Molecular dynamics simulations of microstructure and dynamic shearing behaviors of kaolinite-water-salt system

Abstract

The electrical double layer (EDL) plays an essential role in the microfabric development and macroscale mechanical behaviors of clayey soils. However, how salt concentration and cation valence affect the shearing behaviors of EDL at nanoscale is still unclear. Through molecular dynamics (MD) simulations, this study systematically investigated the microstructure and the shearing properties of the kaolinite-water-salt system. During the shearing process, ions showed two kinds of movement patterns, including the restricted movement pattern and the free movement pattern.
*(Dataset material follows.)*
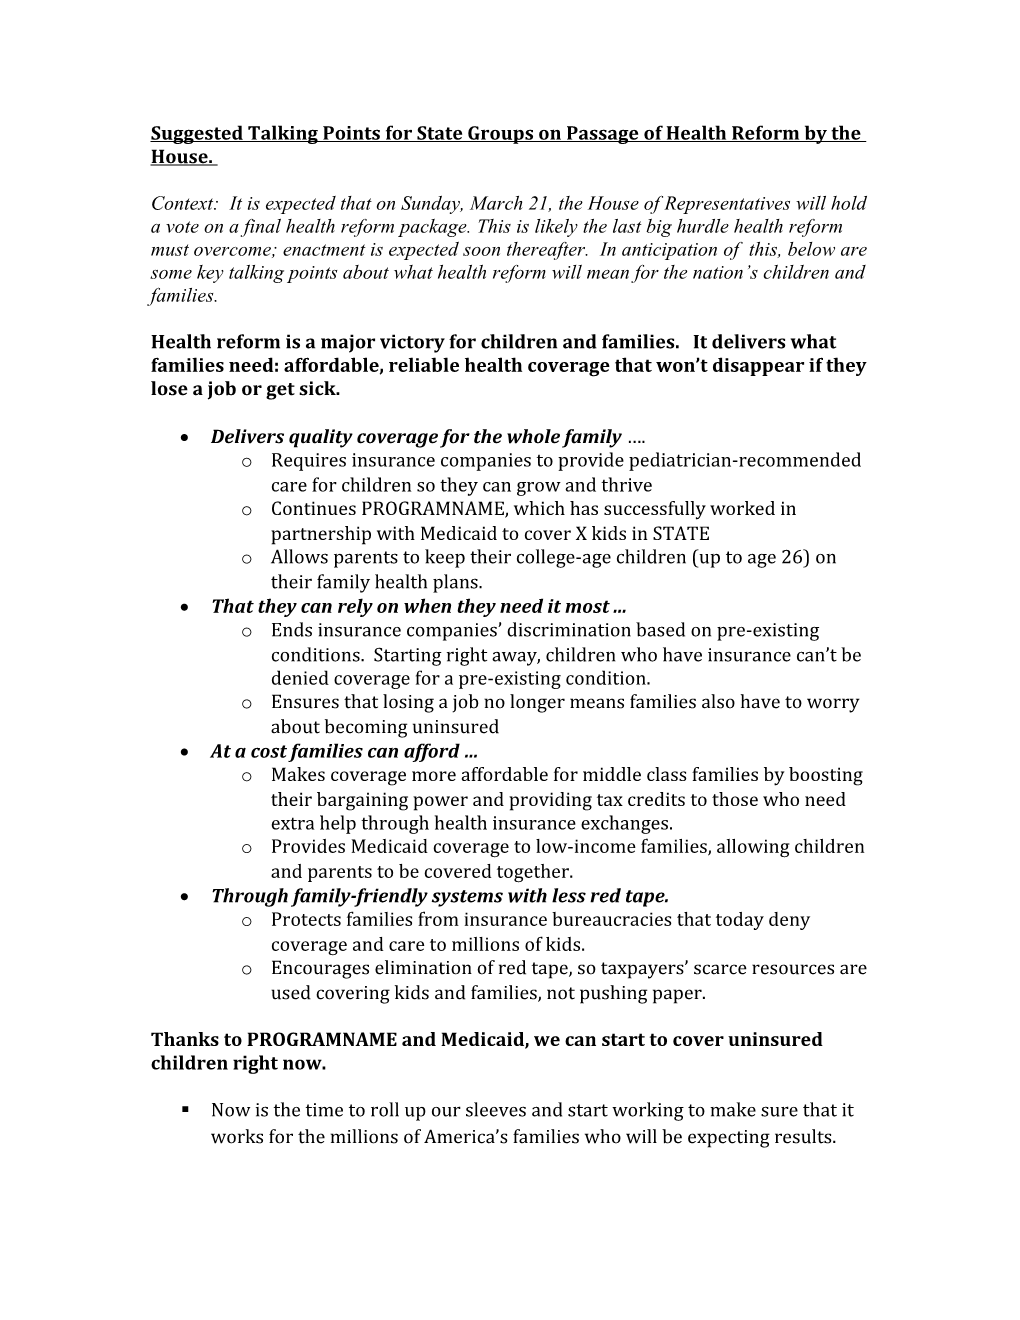 Suggested Talking Points for State Groups on Passage of Health Reform by the House

In addition, the fluidity of the strongly bound water on gibbsite surfaces, the strongly bound water on siloxane surfaces, the weakly bound water and the bulk water decreased gradually. Furthermore, with the increase of salt concentration and cation valence, some water molecules in the diffusion layer escaped into the bulk water, which finally resulted in a compression of the EDL and a decrease of the solution viscosity. By measuring the displacement of water molecules around clay platelets, the essence of the EDL compression was verified and explained for the first time. The simulation results offered a microscopic insight into the shearing behaviors of clay-water-salt systems and would promote further investigations of clay-water-salt interactions under various environments.